Prima di procedere a capire nel dettaglio come funziona un prestito per lavoratori dipendenti a tempo determinato, bisogna tenere presente che il finanziamento richiesto deve avere un piano di rimborso pari o minore al mese del contratto di lavoro. Se quindi il soggetto lavora per un anno, potrà chiedere un prestito con un piano di rimborso che non supererà l’anno. Questo è inevitabile da parte delle banche, che vogliono delle garanzie concrete rappresentate in questo caso proprio dalla busta paga. Nessun problema però, è possibile ottenere prestiti con contratto a tempo determinato grazie all’aiuto di un garante, del quale viene richiesta la cosiddetta fideiussione, prevalentemente nel caso in cui si tratti di somme elevate. Senza il prestito con garante è infatti molto più difficile che la richiesta di finanziamento vada a buon fine, e nel migliore dei casi si potrebbero ottenere solamente somme modeste, così come nel caso si decida di procedere con il “credito su pegno” ovvero quella situazione in cui si danno in garanzia beni di valore come pietre, oro, gioielli e altro materiale costoso.

Prestiti con garante: cosa sono

Diverso è invece il discorso che riguarda la presenza di un fideiussore o garante. Quest’ultimo può essere qualsiasi persona (anche giuridica): un parente, un amico, un convivente, che sia d’accordo e accetti di fungere da garanzia per rimborsare le rate dopo l’erogazione del prestito. Il garante è quindi una sicurezza per i prestiti per lavoratori a tempo determinato, che possono quindi avere qualcuno che si impegni a saldare il debito ove vi fosse la necessità. Anche in questo caso, data la tutela da parte delle banche, deve sussistere una certa affidabilità creditizia, ovvero la persona che funge da fideiussore deve dimostrare di poter pagare in caso di bisogno. Ricapitoliamo qui i requisiti necessari per richiedere prestiti personali con contratto a tempo determinato, anche chiamate garanzie necessarie per fare domanda:

  • Reddito: deve essere valutato obbligatoriamente il reddito di chi richiede il prestito, soprattutto se la somma richiesta è molto alta. Se il reddito è troppo basso non verrà concesso il prestito.

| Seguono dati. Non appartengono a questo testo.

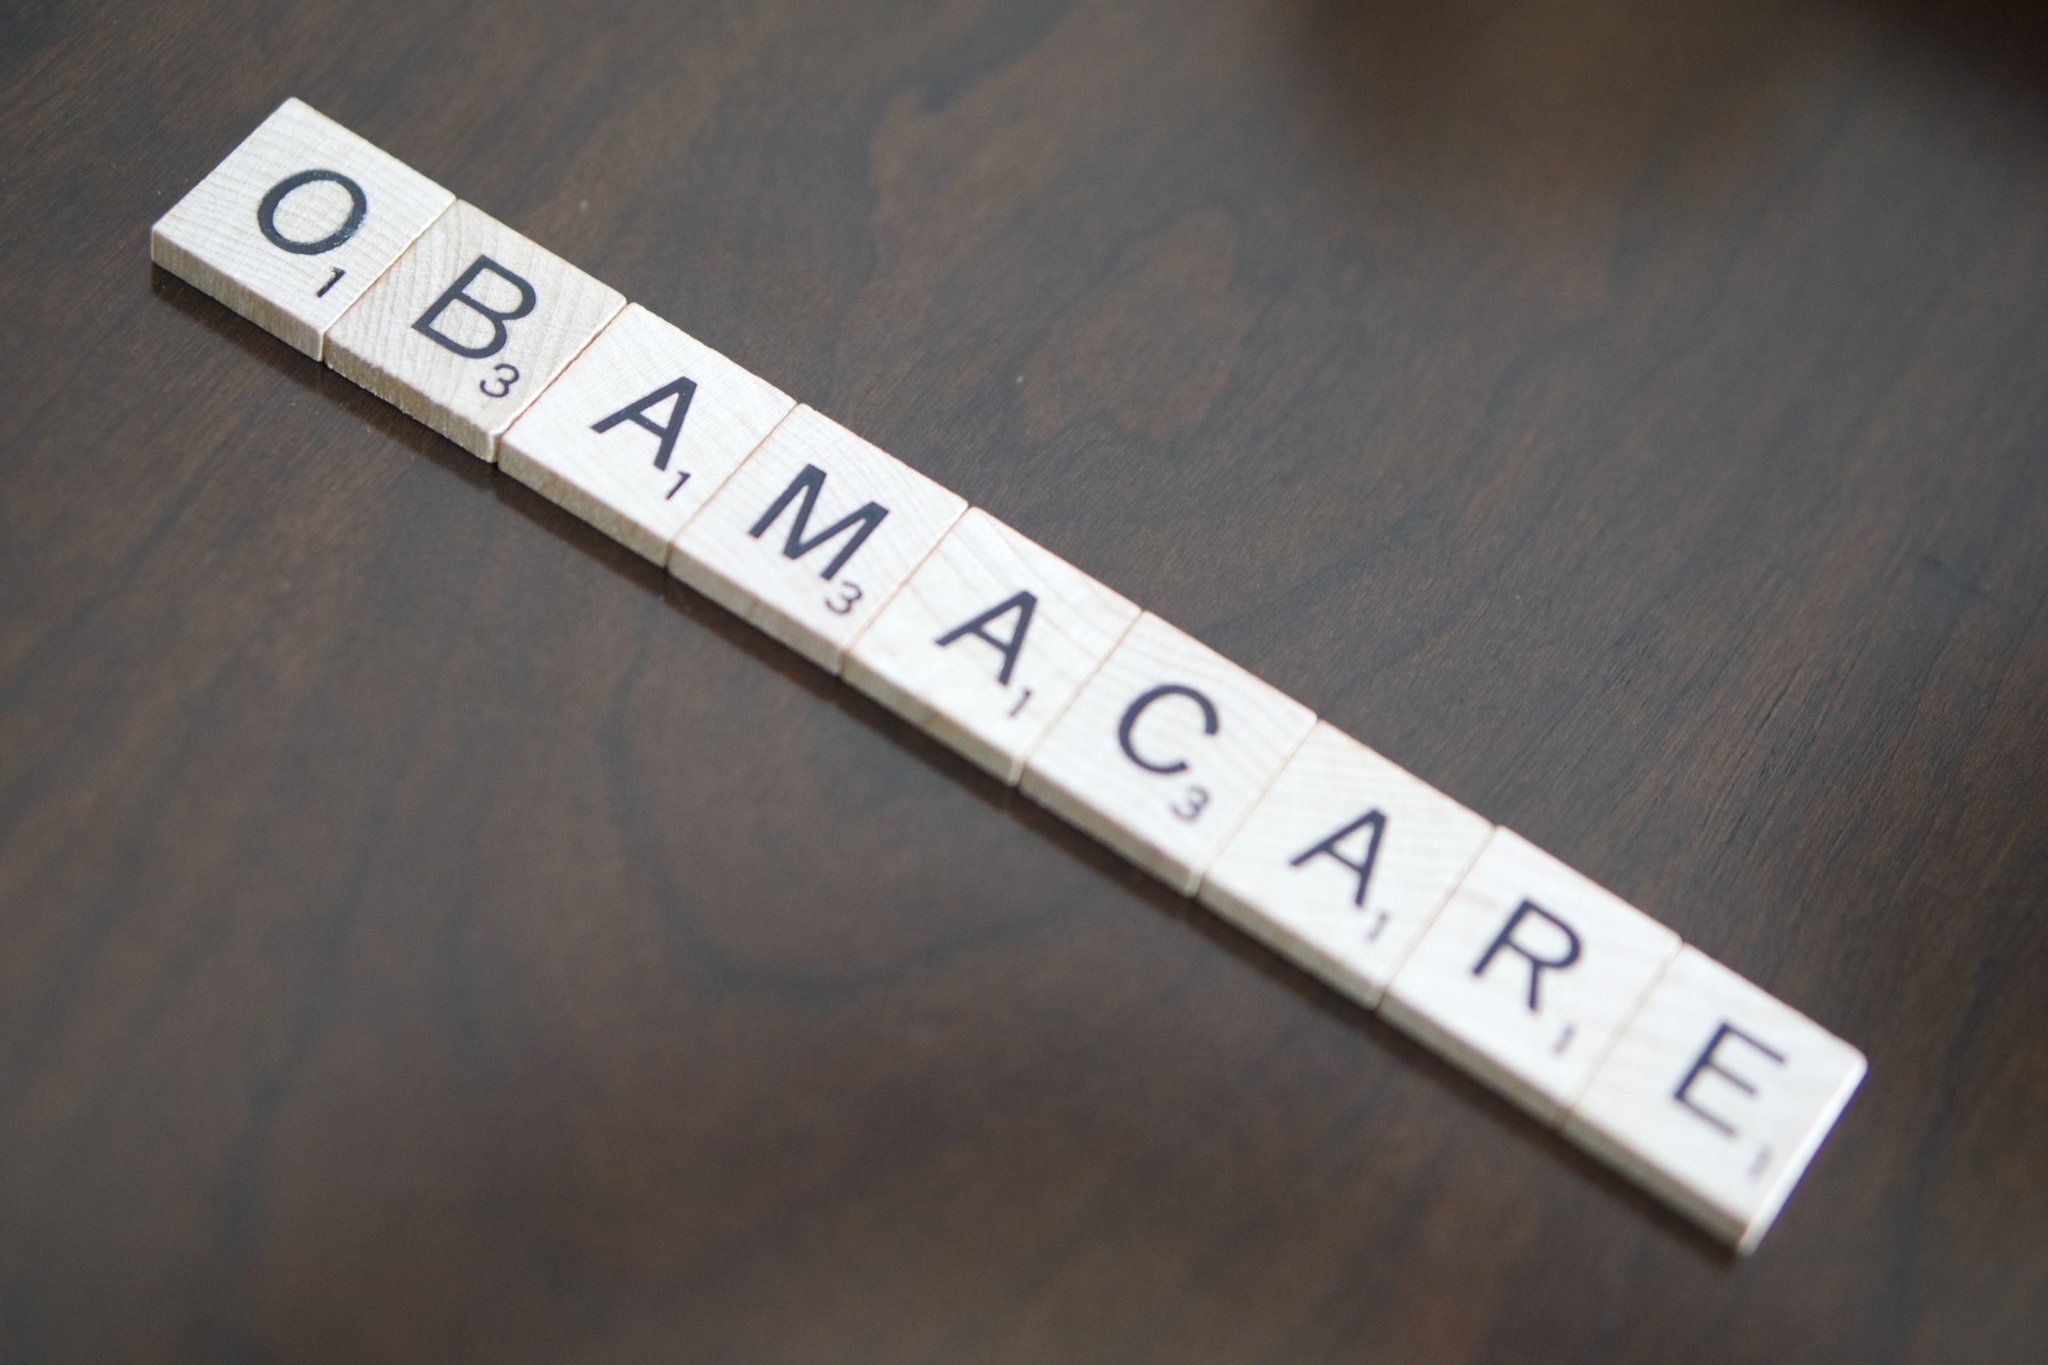 Obamacare, автор: simmons.kevin4208, лицензия: CC BY 2.0

  • Affidabilità creditizia: il garante non deve avere sulle spalle insolvenze o pignoramenti, pena la negazione del prestito.

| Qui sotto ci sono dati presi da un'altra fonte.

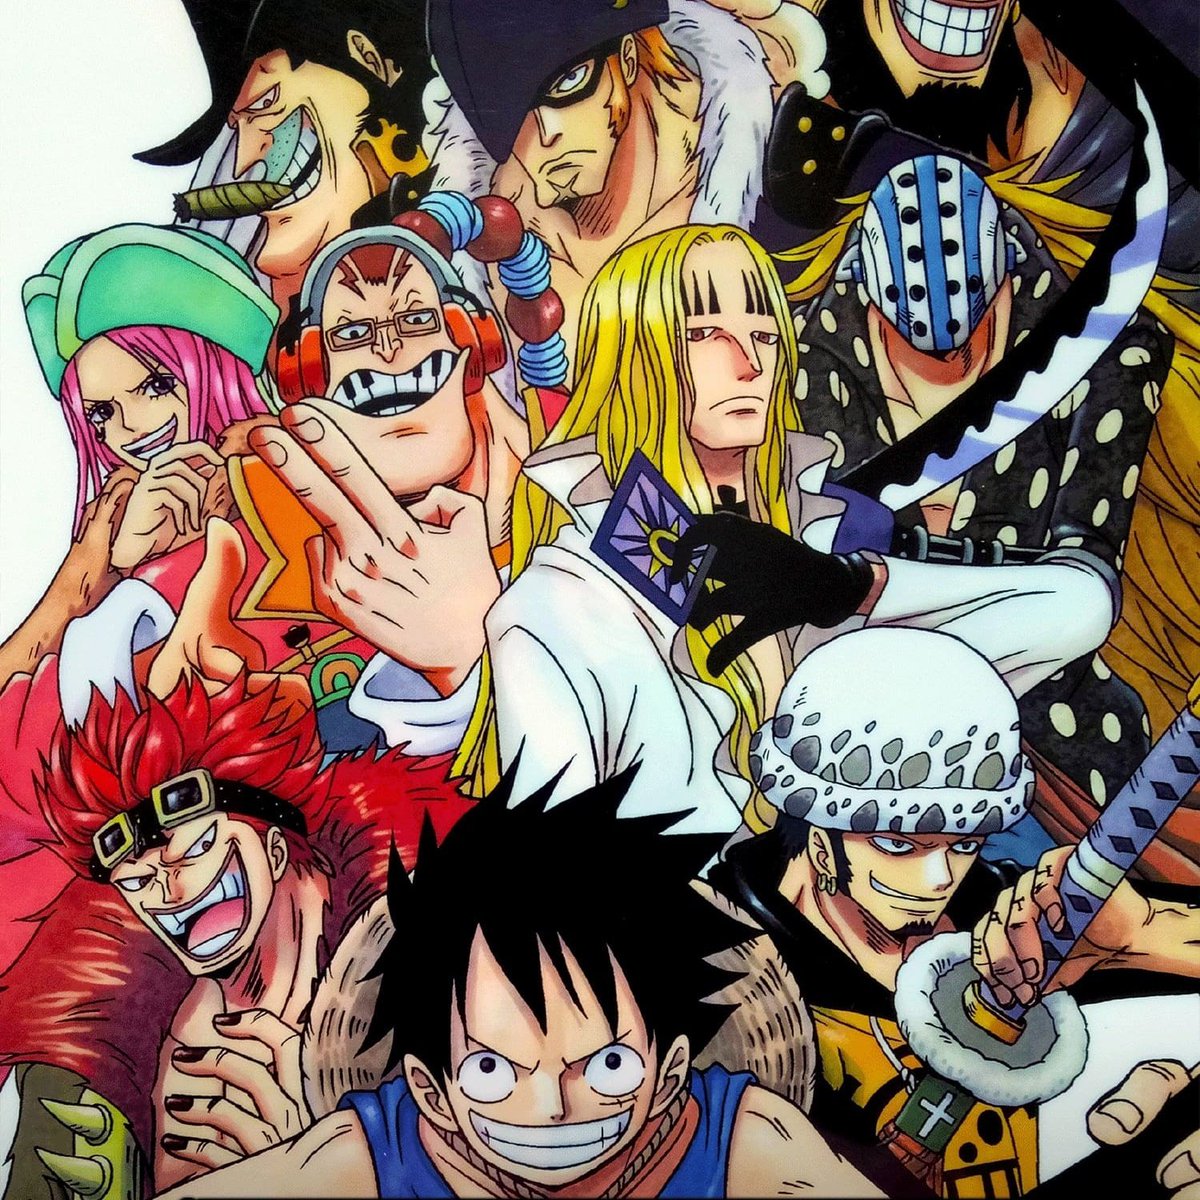 One Piece: Saga “Enies Lobby” estreia dublada na Netflix

  • Politiche di rischio: quando vengono richiesti prestiti per dipendenti a tempo determinato, la banca valuta il rischio che corre dopo aver deciso di concedere il finanziamento.

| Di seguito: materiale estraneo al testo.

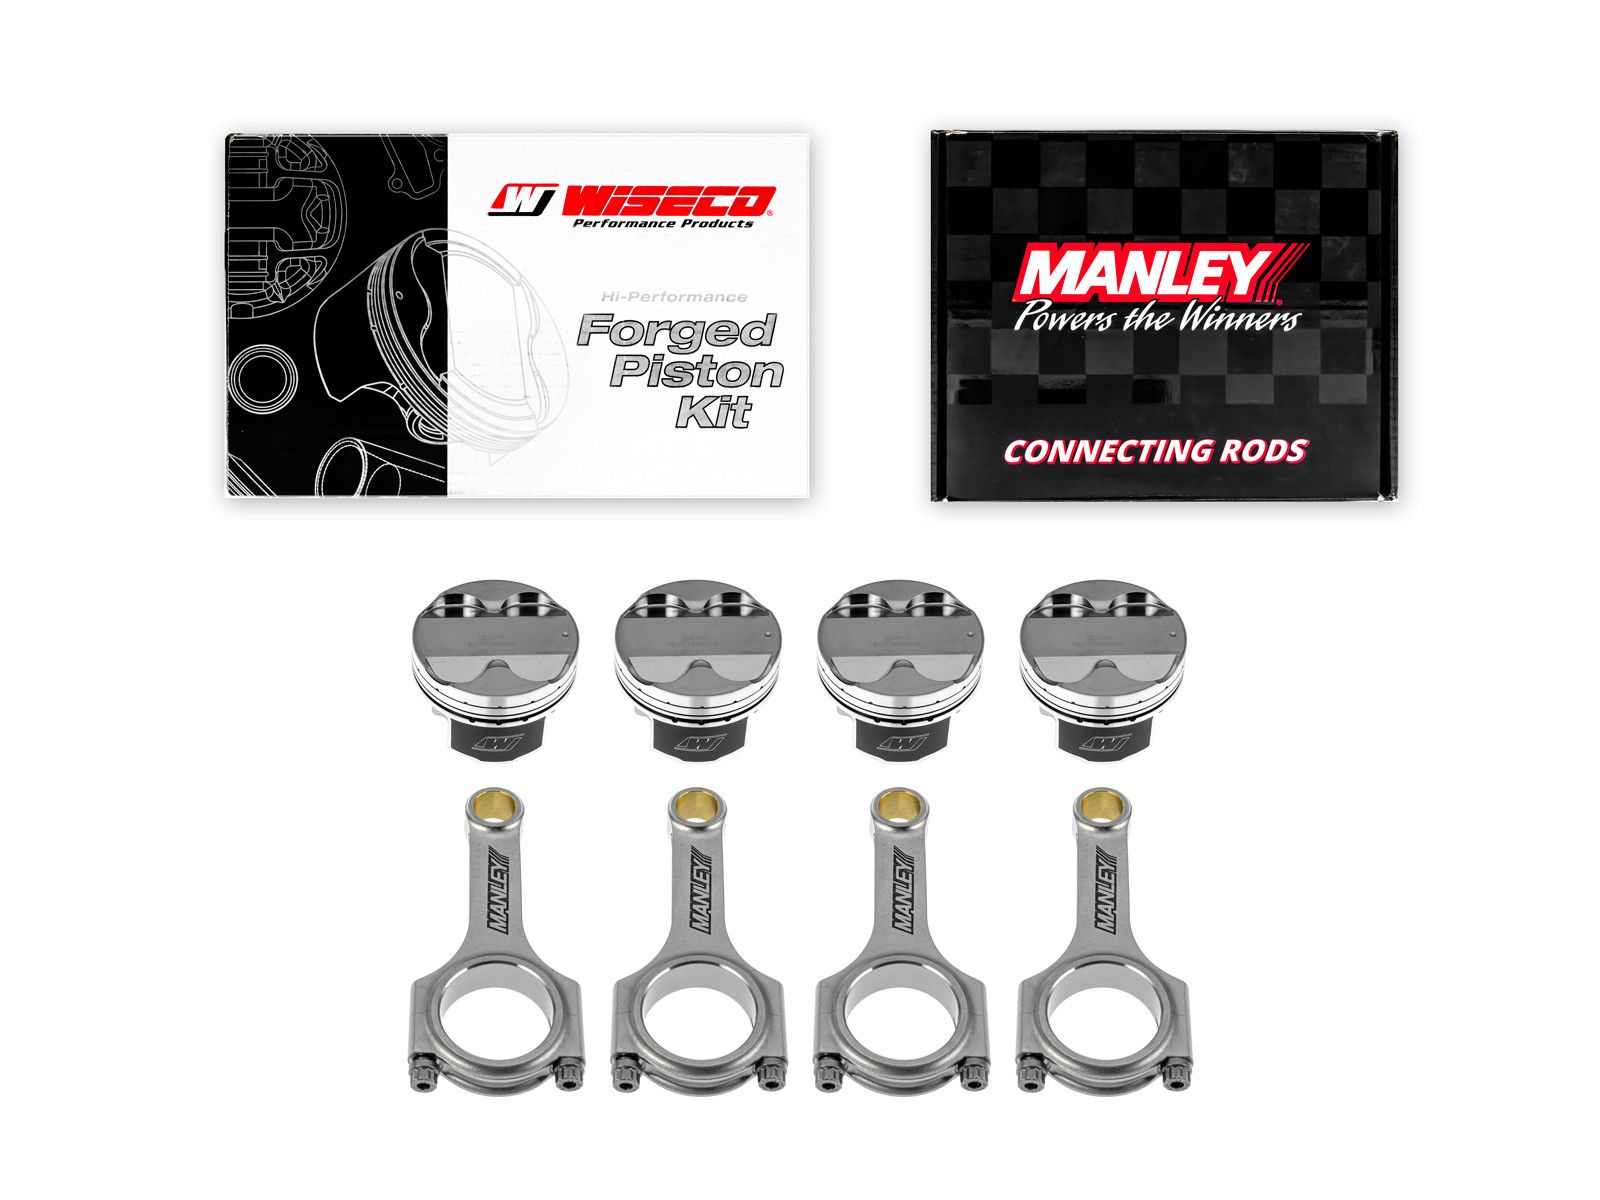 Schmiedekolben Wiseco + Pleuelstangen Manley für Mazda Miata MX-5 / Protege  1.8l 16V BP 84.00mm CR 8.5 K553M84-14011-4 - Fmic.pl

Ecco quindi che ottenere prestiti personali lavoratori a tempo determinato è oggi possibile soprattutto se si ha intenzione di realizzare qualche progetto o perchè no, di farsi un regalo. Ottenere il finanziamento è utile soprattutto al giorno d’oggi dati i numerosi lavoratori che si trovano a dover sottostare alla legge del precariato.